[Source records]
-------------------------

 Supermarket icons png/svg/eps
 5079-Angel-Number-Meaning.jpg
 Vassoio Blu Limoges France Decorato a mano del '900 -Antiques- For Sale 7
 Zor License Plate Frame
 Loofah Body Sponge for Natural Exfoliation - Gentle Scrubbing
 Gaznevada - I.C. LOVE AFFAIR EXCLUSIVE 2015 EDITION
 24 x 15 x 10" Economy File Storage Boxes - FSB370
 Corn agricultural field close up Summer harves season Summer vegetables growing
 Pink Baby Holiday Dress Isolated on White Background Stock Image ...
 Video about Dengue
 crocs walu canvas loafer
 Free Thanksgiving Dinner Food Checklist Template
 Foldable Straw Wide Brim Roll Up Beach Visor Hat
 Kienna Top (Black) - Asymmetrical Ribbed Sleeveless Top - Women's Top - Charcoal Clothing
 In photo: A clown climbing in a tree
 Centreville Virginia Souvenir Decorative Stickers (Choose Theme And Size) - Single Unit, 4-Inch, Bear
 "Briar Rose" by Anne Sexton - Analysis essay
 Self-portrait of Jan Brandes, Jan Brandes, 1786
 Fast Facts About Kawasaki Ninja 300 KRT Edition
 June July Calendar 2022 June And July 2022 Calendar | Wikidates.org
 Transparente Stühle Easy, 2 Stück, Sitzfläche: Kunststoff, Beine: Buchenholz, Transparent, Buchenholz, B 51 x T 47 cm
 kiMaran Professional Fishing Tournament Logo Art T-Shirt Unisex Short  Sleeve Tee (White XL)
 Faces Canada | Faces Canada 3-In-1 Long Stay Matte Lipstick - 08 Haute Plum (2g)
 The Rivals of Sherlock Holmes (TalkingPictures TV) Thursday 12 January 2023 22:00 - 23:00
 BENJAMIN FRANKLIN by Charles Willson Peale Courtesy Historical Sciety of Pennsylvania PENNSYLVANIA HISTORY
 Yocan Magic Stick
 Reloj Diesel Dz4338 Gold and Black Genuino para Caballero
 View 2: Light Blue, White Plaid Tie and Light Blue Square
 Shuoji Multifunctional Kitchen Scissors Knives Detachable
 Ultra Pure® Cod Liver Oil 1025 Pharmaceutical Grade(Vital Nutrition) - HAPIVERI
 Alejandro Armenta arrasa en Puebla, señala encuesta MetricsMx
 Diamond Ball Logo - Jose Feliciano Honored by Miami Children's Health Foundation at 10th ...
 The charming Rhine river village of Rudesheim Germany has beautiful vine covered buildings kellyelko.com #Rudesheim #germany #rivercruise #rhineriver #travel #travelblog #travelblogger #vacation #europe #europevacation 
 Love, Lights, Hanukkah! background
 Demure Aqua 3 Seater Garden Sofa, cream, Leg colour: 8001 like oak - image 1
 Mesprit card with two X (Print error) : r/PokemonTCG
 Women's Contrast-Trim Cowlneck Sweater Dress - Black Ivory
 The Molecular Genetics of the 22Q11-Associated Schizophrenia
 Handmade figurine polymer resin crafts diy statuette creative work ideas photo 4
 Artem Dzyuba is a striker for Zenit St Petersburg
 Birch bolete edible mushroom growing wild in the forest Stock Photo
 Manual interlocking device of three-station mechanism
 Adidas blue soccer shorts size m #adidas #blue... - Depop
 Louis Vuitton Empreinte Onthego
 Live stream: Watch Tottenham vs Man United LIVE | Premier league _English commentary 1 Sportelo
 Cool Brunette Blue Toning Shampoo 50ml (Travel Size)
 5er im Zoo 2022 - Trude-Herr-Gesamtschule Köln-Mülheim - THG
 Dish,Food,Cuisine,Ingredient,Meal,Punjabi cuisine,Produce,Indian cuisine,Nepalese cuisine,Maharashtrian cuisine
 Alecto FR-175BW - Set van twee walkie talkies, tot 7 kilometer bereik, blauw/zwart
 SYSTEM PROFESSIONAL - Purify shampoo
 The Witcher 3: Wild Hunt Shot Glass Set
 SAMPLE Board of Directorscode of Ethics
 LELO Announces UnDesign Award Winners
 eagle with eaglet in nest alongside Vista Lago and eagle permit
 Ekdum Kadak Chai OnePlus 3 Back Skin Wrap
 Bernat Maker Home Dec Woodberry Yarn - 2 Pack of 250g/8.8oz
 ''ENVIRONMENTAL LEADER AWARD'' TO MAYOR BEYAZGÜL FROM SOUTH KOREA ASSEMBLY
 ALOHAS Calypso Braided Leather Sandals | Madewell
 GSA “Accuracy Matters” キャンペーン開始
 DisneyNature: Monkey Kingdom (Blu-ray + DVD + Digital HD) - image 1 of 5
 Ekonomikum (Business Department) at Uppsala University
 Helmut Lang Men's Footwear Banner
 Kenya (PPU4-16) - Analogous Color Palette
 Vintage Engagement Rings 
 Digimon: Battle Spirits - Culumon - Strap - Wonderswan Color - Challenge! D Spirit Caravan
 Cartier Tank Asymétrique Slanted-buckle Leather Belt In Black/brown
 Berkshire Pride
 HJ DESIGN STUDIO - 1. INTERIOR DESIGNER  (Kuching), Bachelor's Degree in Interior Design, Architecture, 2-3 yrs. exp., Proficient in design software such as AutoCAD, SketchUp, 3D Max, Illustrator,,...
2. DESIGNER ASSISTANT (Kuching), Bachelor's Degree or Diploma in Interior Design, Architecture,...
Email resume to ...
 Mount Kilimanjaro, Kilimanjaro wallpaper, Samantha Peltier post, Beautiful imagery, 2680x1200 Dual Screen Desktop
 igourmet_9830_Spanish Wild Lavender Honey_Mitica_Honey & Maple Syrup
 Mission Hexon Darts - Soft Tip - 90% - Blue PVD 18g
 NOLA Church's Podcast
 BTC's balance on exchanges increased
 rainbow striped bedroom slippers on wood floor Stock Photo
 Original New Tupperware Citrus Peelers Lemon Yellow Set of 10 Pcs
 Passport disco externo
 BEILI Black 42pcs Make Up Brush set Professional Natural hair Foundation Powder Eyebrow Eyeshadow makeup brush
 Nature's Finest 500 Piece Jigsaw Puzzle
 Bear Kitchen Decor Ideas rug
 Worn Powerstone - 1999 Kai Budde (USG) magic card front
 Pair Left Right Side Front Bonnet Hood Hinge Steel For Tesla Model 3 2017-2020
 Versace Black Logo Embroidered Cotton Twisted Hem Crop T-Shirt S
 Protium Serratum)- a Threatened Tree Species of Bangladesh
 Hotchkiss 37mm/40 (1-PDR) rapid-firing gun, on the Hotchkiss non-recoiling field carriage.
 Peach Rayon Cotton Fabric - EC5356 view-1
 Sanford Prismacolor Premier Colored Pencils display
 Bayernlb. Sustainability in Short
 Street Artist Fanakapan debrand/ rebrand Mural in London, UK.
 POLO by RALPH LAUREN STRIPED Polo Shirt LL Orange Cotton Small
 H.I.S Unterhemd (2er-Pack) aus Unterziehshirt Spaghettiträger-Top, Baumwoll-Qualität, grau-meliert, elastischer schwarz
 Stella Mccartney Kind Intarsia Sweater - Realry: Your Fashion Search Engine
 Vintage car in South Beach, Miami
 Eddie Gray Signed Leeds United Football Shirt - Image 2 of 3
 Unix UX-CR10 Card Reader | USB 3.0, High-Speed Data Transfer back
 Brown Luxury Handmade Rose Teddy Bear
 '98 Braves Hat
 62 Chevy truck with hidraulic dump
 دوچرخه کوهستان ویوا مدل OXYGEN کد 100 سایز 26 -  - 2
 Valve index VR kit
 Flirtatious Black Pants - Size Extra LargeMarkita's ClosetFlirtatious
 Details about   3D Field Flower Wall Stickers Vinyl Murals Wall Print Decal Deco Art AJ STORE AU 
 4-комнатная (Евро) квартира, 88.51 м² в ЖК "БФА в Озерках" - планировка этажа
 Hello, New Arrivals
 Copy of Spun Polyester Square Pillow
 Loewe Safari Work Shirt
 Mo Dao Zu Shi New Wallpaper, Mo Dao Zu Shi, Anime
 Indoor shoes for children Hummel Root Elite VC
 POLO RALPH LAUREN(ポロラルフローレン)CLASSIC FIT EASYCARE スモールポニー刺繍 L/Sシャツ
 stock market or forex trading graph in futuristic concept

-------------------------

# EXERCISE PROMPT
Above are the records. Copy the lines beginning at the one that has "cuisine,Nepalese cuisine,Maharashtrian cuisine" and ending with the one that has "SAMPLE Board of Directorscode of Ethics", unchanged.

# OUTPUT
 Dish,Food,Cuisine,Ingredient,Meal,Punjabi cuisine,Produce,Indian cuisine,Nepalese cuisine,Maharashtrian cuisine
 Alecto FR-175BW - Set van twee walkie talkies, tot 7 kilometer bereik, blauw/zwart
 SYSTEM PROFESSIONAL - Purify shampoo
 The Witcher 3: Wild Hunt Shot Glass Set
 SAMPLE Board of Directorscode of Ethics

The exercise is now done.